Humanist Perspectives: issue 209: A Troubling Case

A Troubling Case
by Trudy Govier

A Troubling Case
A

s I write, Dominic Ongwen is on trial before the International Court in The Hague. Ongwen was a child soldier, then an adult soldier, and eventually a brigade commander in the Lord’s Resistance Army (LRA), a brutal force that operated primarily in northern Uganda, but also in the Central African Republic (CAR), South Sudan, and the Democratic Republic of Congo. He served under Joseph Kony, who is still at large. Ongwen had apparently considered leaving the jungle and surrendering to be with family members. He changed his mind, possibly due to the likelihood of coming into the custody of the court; nonetheless he was eventually taken into custody in late 2014, and brought to The Hague after CAR and US special forces handed him over. Ongwen’s trial commenced on December 6, 2016.

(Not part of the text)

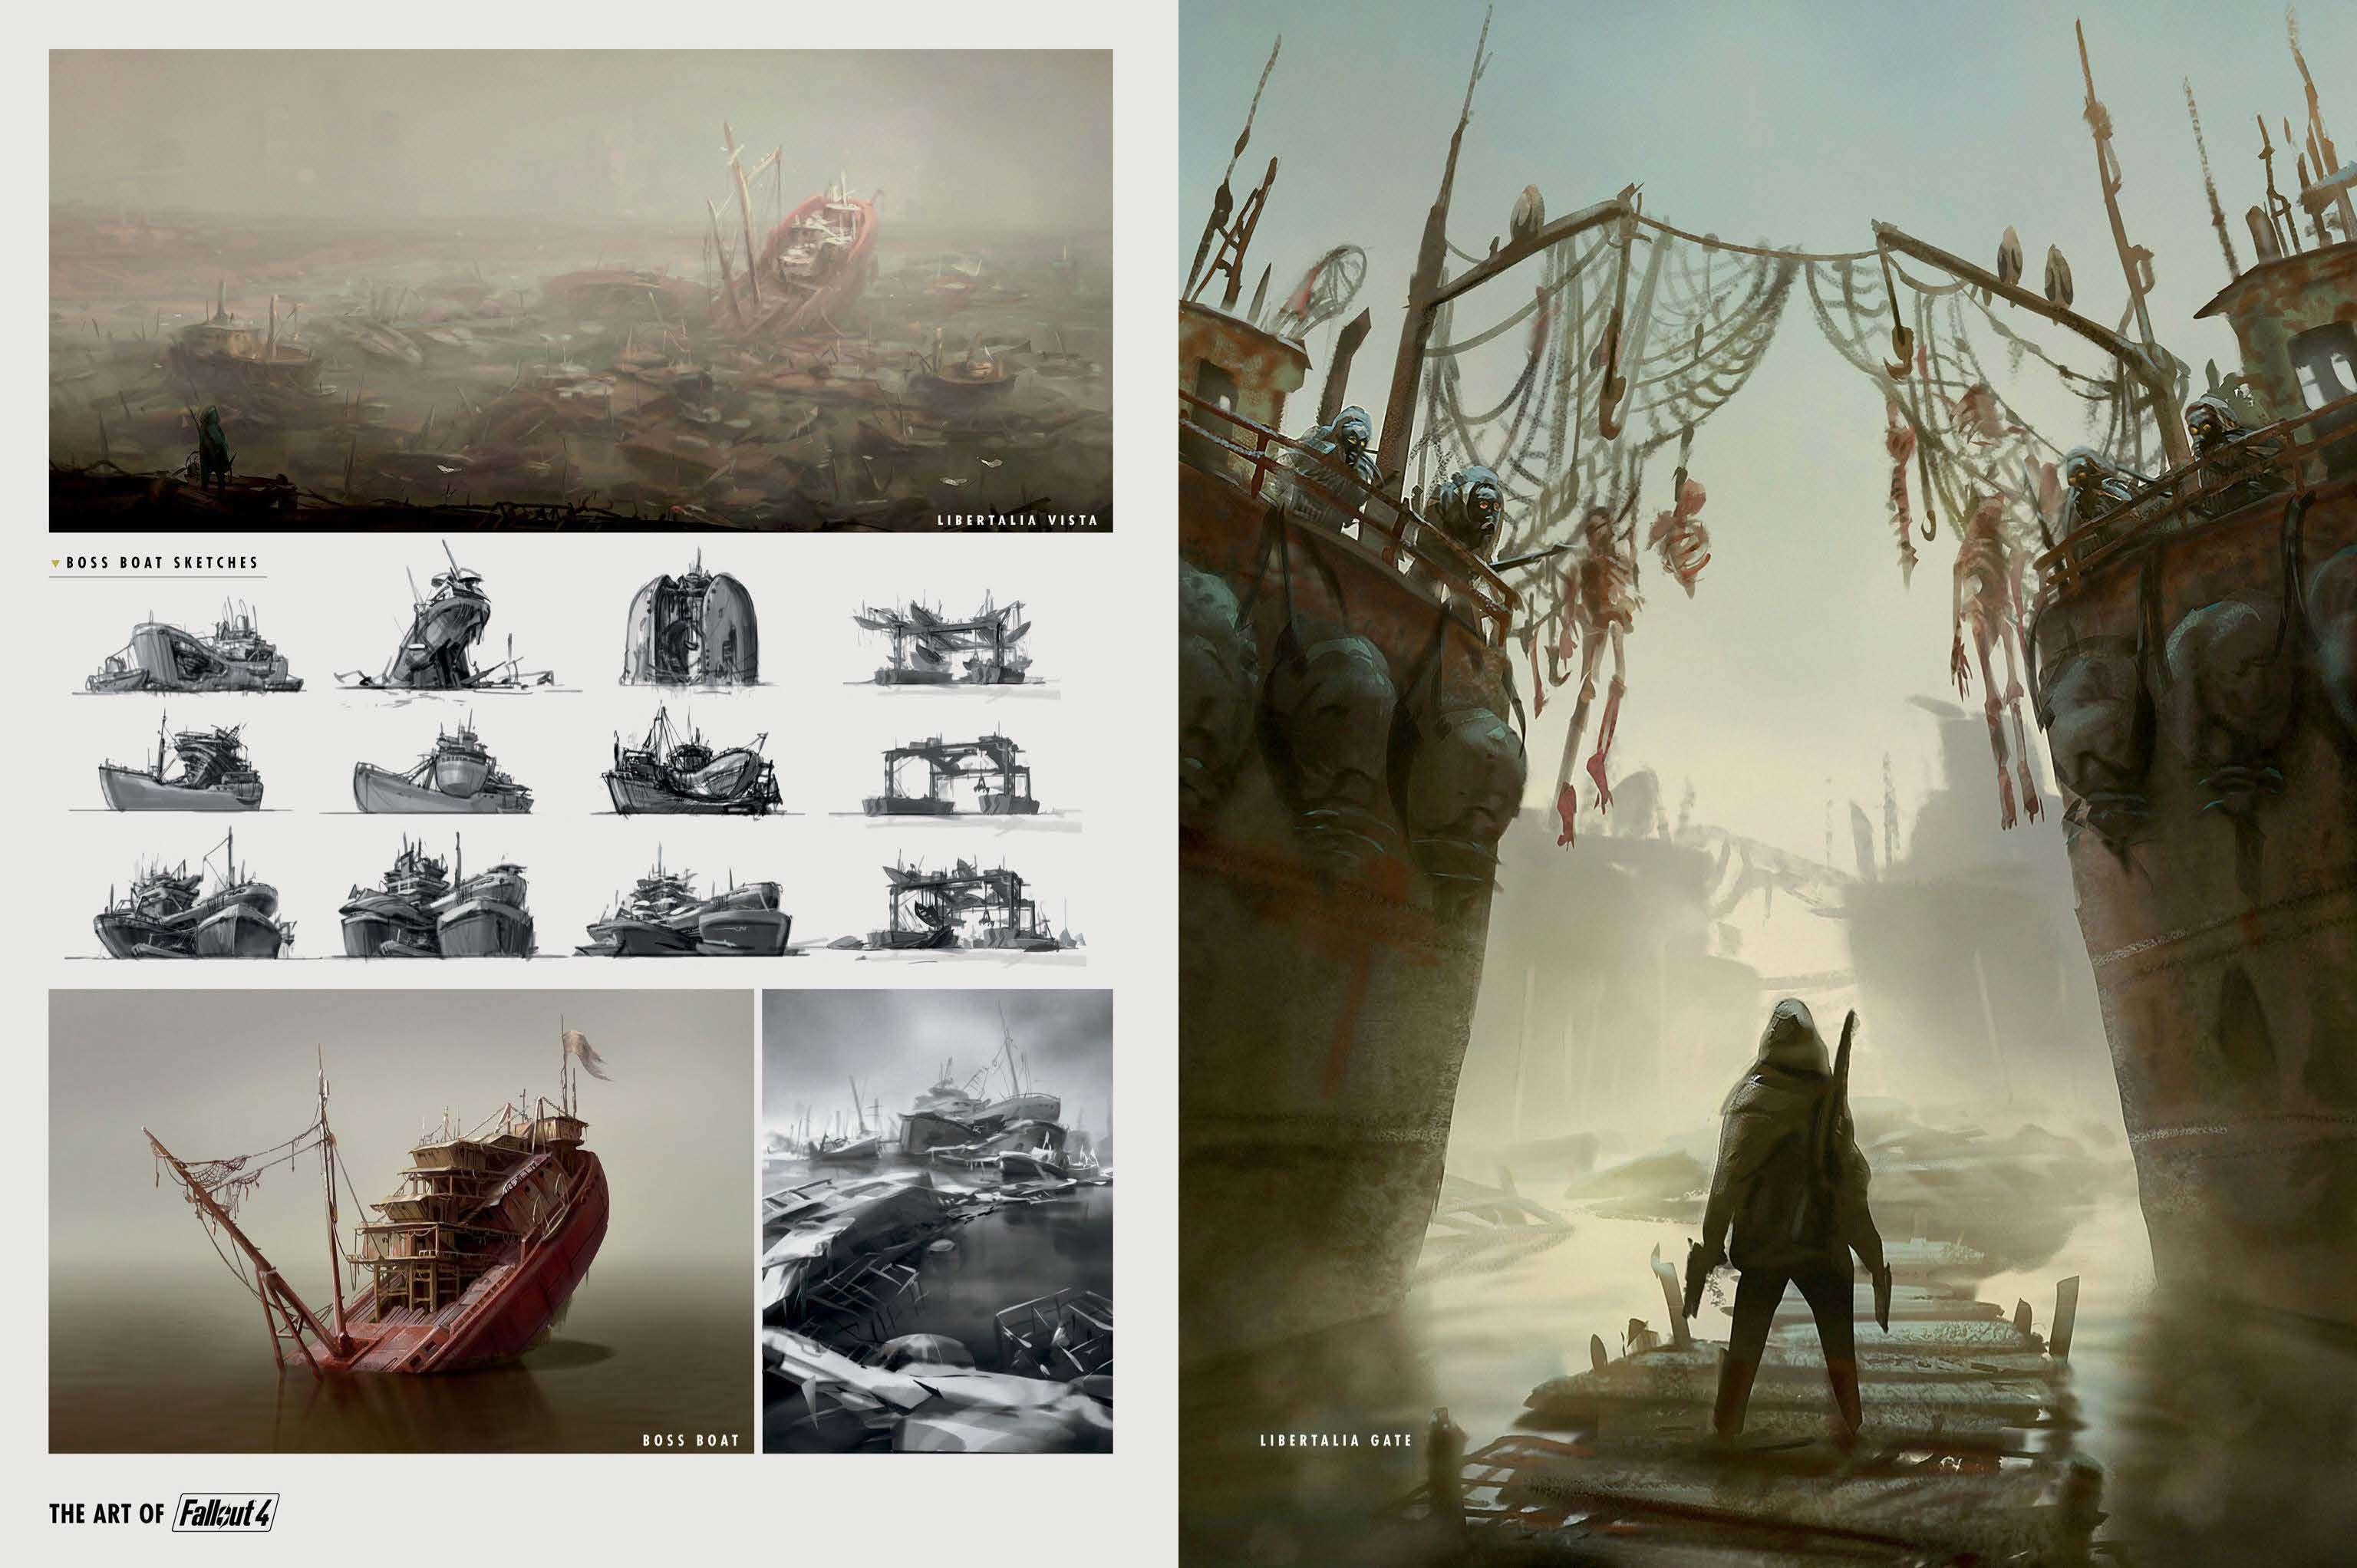 The Art of Fallout 4 - # 029 - Fallout 4 Артбук

Ongwen’s case is unusual in many ways, the most outstanding of which is that he is charged, as an alleged perpetrator, with crimes of which he was himself the victim. As a child on his way to school (estimates of his age at the time vary from 9 to 14 years), Ongwen was captured by LRA warriors and taken to the jungle. There, as recounted by many former child soldiers, he would have been dominated, beaten, tortured, and commanded to perform acts of extreme cruelty on other children, on villagers attacked by the group, and even on relatives. Known as the White Ant, he survived to become an efficient and viciously cruel commander. Ongwen is both a victim and a perpetrator: many of his alleged crimes are the same ones that he suffered from and that shaped his adult life. Hundreds of victims will testify at his trial for some 70 charges of war crimes and crimes against humanity.

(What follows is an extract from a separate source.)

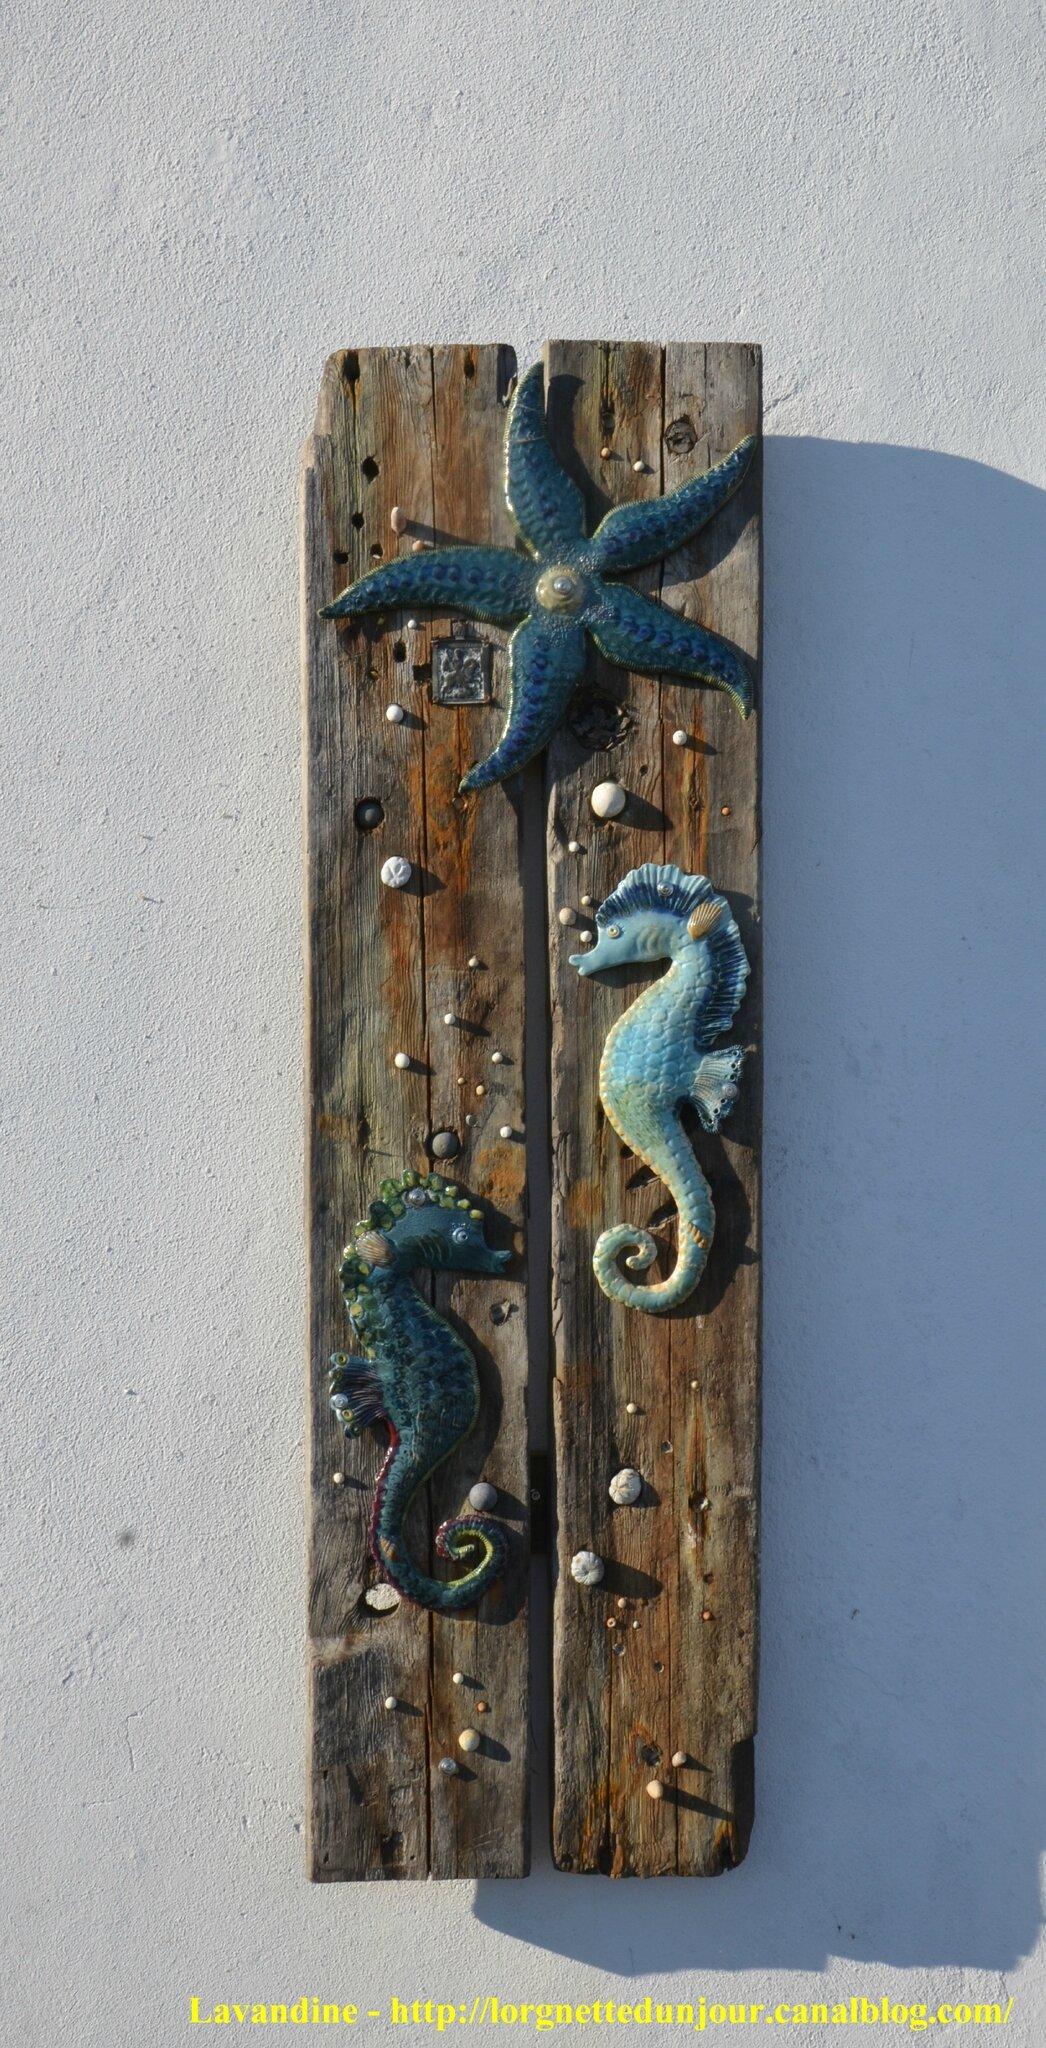 08/12/14 : Klintholm Havn

Apart from his victim/perpetrator status, which challenges an entrenched dichotomy, Ongwen’s case illustrates many other difficulties faced by the International Criminal Court.

Apart from his victim/perpetrator status, which challenges an entrenched dichotomy, Ongwen’s case illustrates many other difficulties faced by the International Criminal Court (ICC). The Court has been criticized, especially by African leaders, for its nearly exclusive focus on crimes committed in Africa. It is far away from northern Ugandan communities struggling with some success with reintegration and the building of peace at the end of a brutal war with the LRA. Given that other leaders are dead or uncaptured and thousands of former child soldiers in the region have been reintegrated and rehabilitated, some observers regard Ongwen as having been unfairly singled out for prosecution. Problems underlying the LRA and its activities are vast in scope, and misunderstood if one concentrates on the blameworthiness of an individual. Some – notably religious leaders in northern Uganda – favour a restorative rather than a retributive approach to post-war justice and even decry ‘western’ forms of justice as inappropriate for Africa. Costs and time delays are more mundane, but still very real, issues of concern regarding the proceedings in The Hague.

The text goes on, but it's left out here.